Но нередко он делал наброски сидевших за столиком и потом кому-нибудь их отдавал, чаще всего, как кажется, они доставались П.П. Улитину. Портрет Никиты Бескина – один из таких случаев (интеллектуальное украшение «Антресолей», заносчиво-умный, капризно-жеманный, цинично-прямой и по-женски сумасбродный математик и эстет Никита Бескин первоначально в кафе бывал часто, но после того, как скомпрометировал себя в каком-то гебистском деле, был выдавлен из кафе игнорированием наиболее значимых в нём лиц).
В отличие от художника Нолева-Соболева, который всегда был в самых модных лавсановых рубашках, настоящих американских джинсах, только-только появившихся в Москве, Соостер совершенно не привлекал внимание, не было в его внешности ничего, что можно было бы принять за характеристику, взгляд не останавливался на нём, а наоборот, как бы исключал его из поля зрения как что-то незначительное и почти неуместное в кафе, как персонаж Кафки.
Над ним была какая-то аура одинокости.
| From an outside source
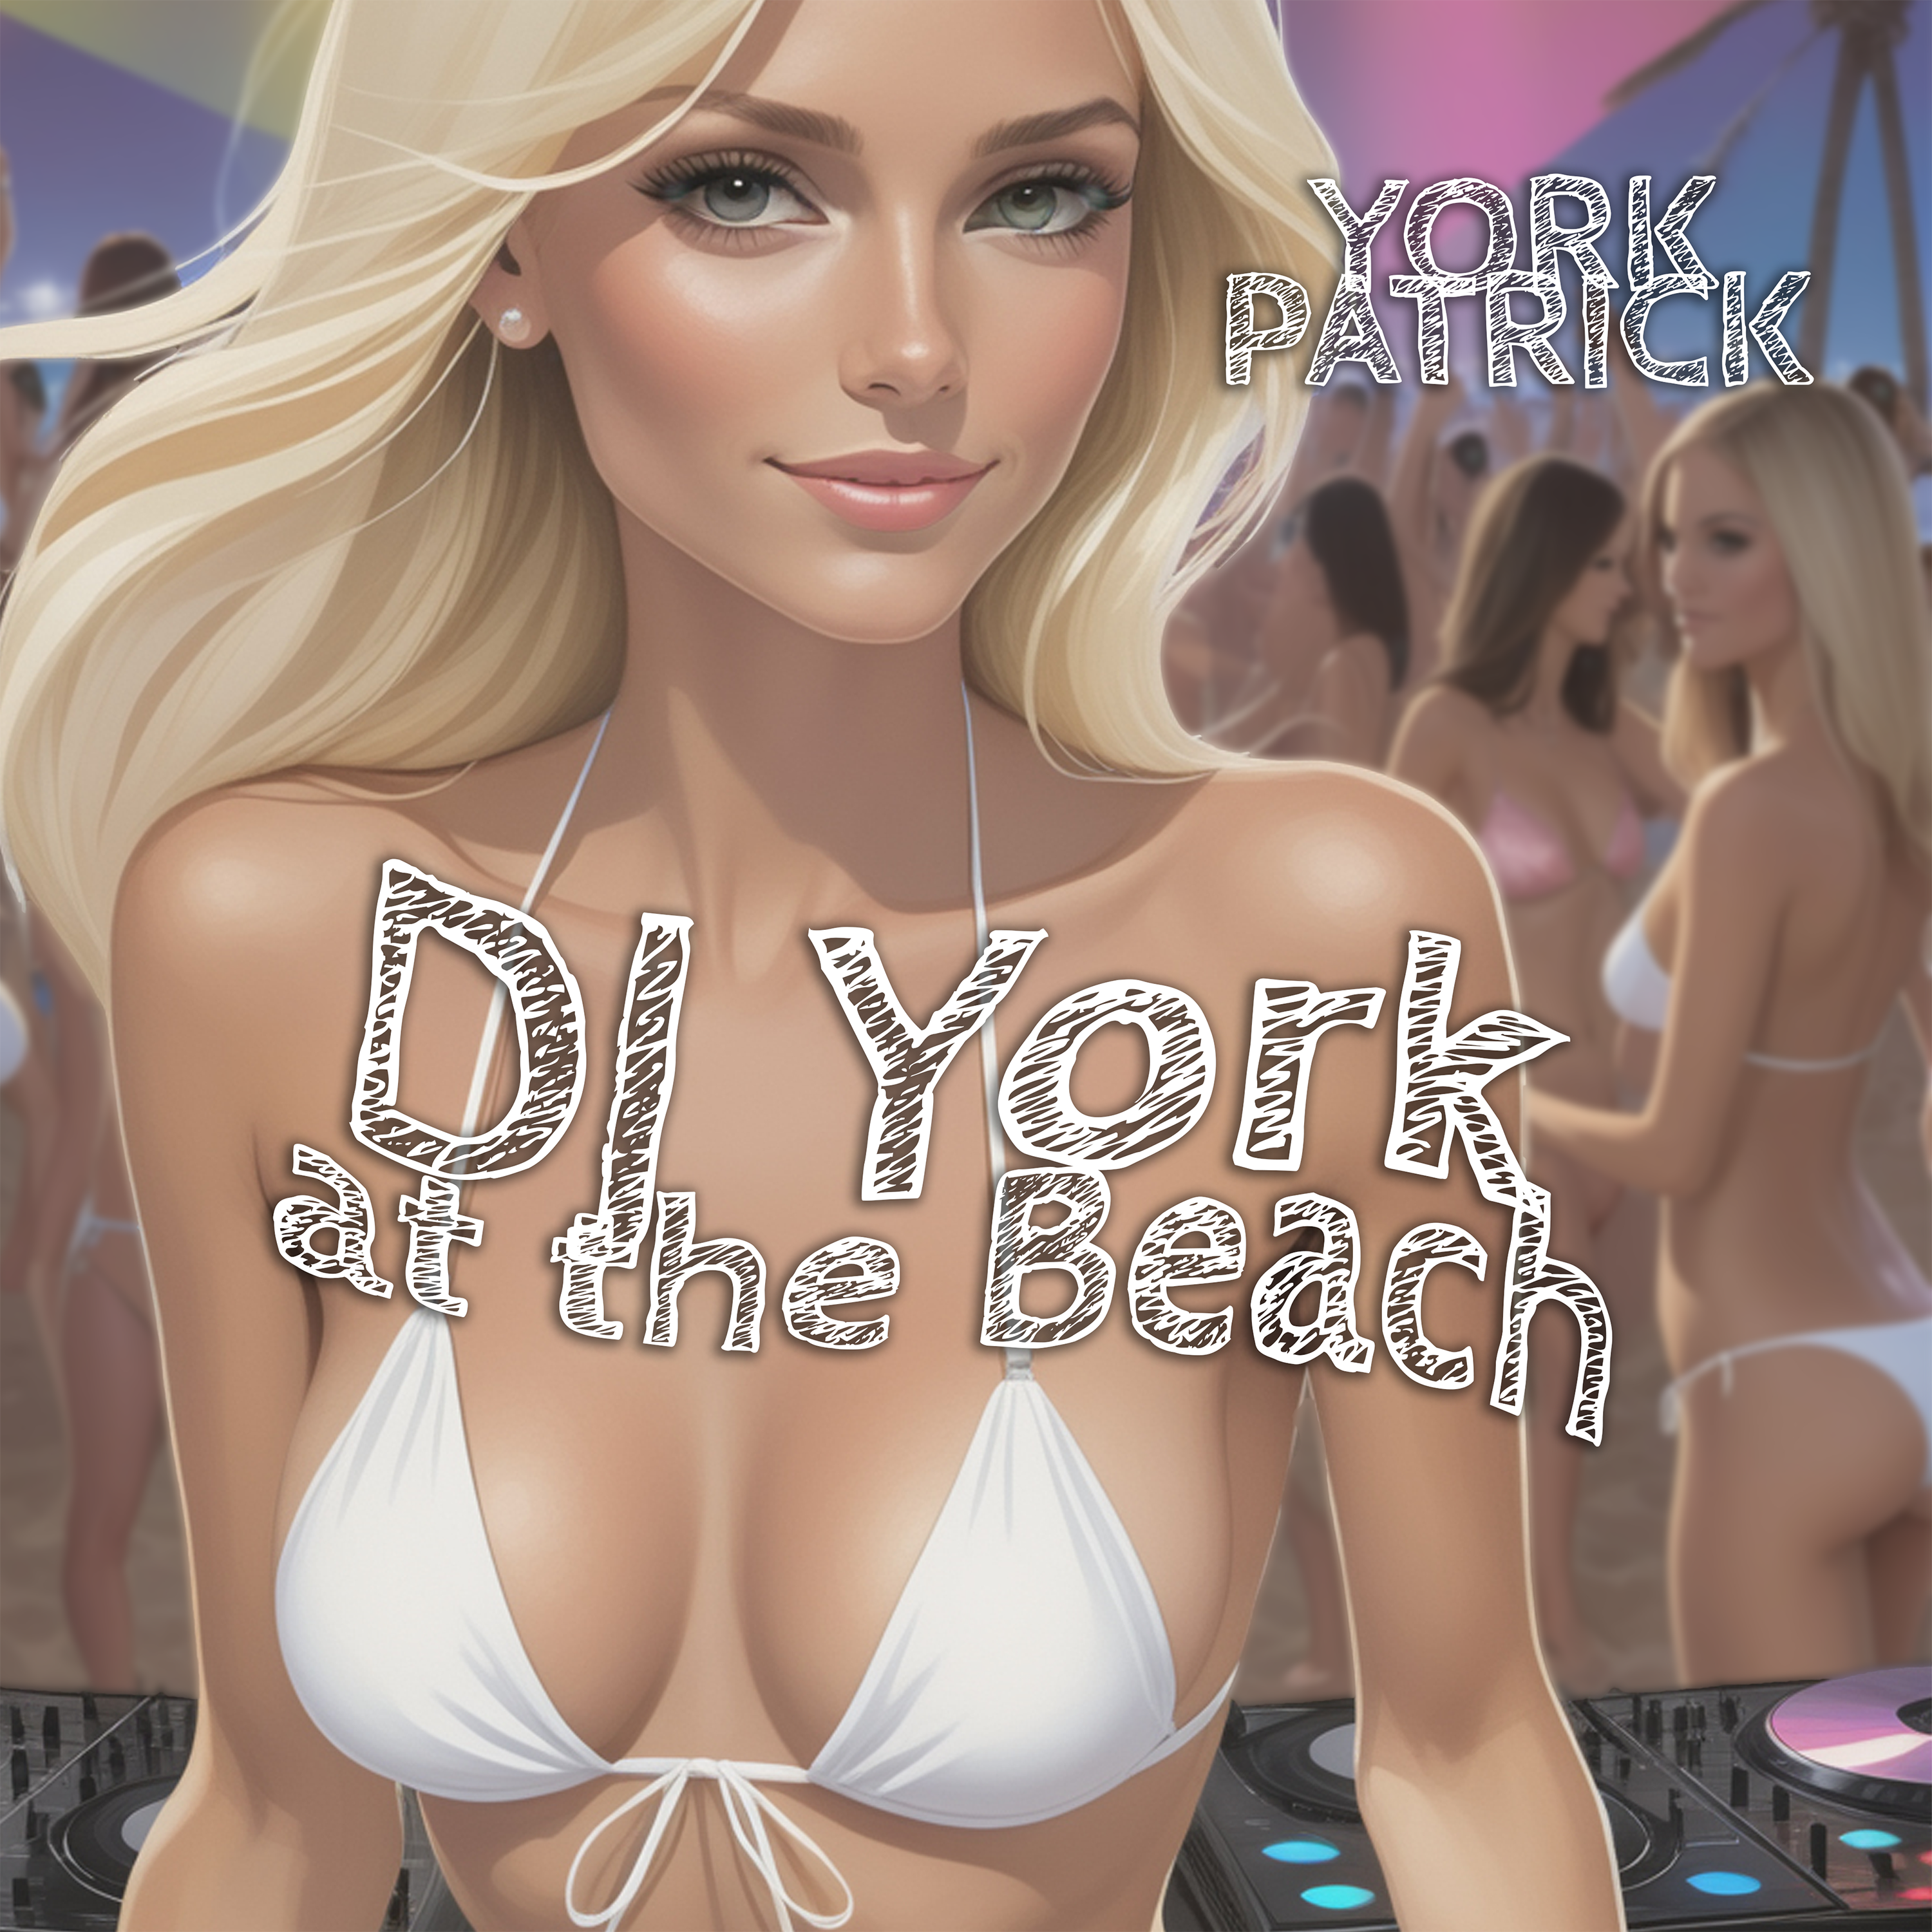 DJ York at the Beach Cover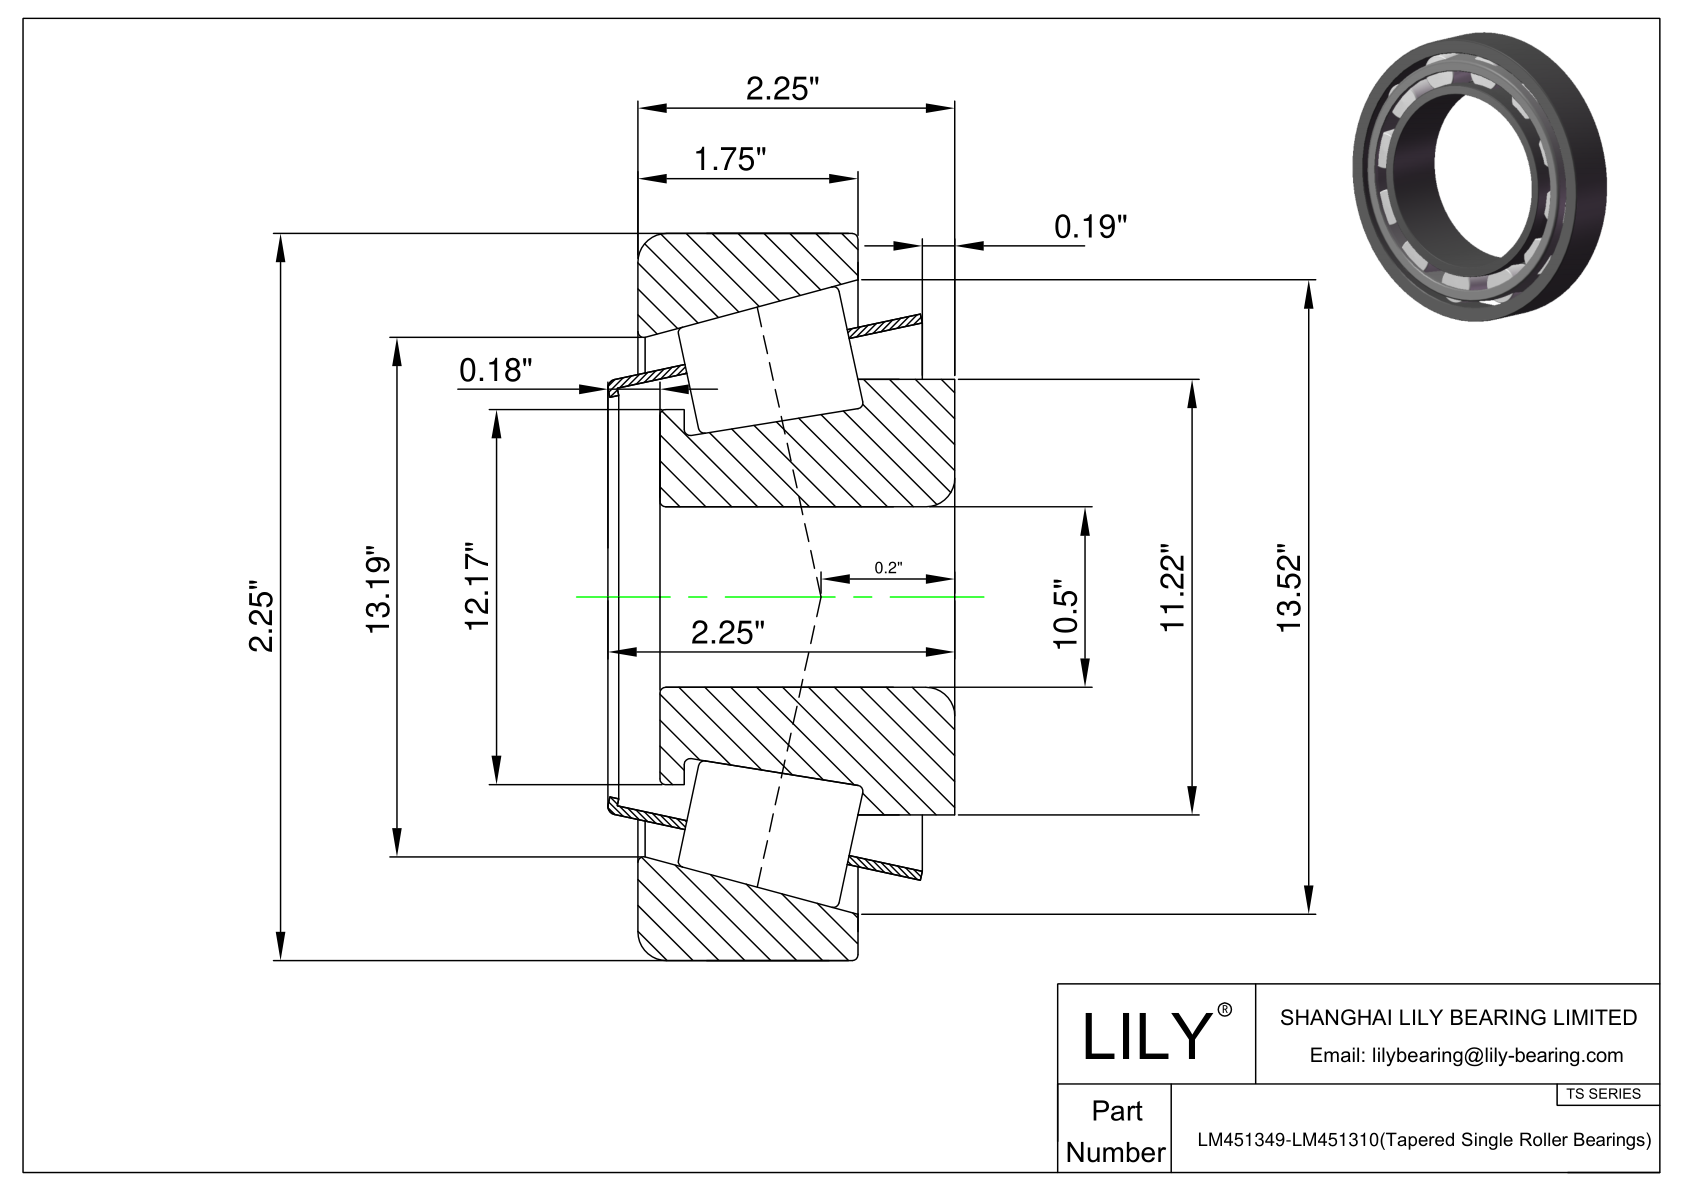 LM451349-LM451310 TS (Tapered Single Roller Bearings) (Imperial) cad drawing

Спокойный, молчаливый, медлительный (но не вялый), внешне невозмутимый; он чудовищно «по эстонски» говорил по-русски, медленно, но чётко, лаконично, правильно и точно (А.А. говорил, что понимает он по-русски без акцента и не надо с ним разговаривать как с глухим. А.А. вообще относился к нему особенно: заботливо и предупредительно, бывал в его мастерской, был в курсе его творческих циклов и рассказывал о них; Соостер подарил ему работу маслом «Кошка лунной ночью на крыше» - примерно так её можно назвать и она много лет находилась в комнате А.А., сейчас она мелькает на выставках и в изданиях).
Какое-то время Соостер был едва ли не самым постоянным посетителем кафе. Мне кажется, у него были очки с очень сильными линзами, так что глаз тоже нельзя было разобрать. Но однажды, мы сидели за столиком рядом, он наклонился ко мне, чтобы что-то сказать или спросить, и посмотрел на меня поверх очков, и тогда я увидел его глаза близко.
Я уже смутно помню его лицо – что-то жёстко непроницаемое, но его глаза я, наверное, никогда не забуду. Они были светлыми, детскими, ясными, доверяющими, и полными какой то спокойной муки. Впечатление было такое, как будто мне доверительно приоткрыли какую-то страшно и непоправимо изувеченную часть тела. Он просто о чём-то спросил меня, с ним тогда было всё в порядке, эти глаза были у него постоянно.
После этого мне казалось, что он весь наполнен этой мукой, которую обнажали только его глаза, что он её скрывает своим невзрачным видом, своим непроницаемым лицом, своими очками, своим молчанием, что это она заставляет его говорить с сильным акцентом – чтобы не проговориться.
Мне очень трудно писать тебе не открытки. Я должен быть ограничен форматом. А письмо – как жизнь, все время думаешь что Это Я Еще Успею и не успеваешь ничего.
Его открытки всегда подразумевали двойного адресата. – Ты и Посторонний. Присутствие Постороннего – сущностная составляющая открытки. Посторонний – не те, кому показывал открытку сам, это те, кому она попадала до тебя, кто первым видел твою почту.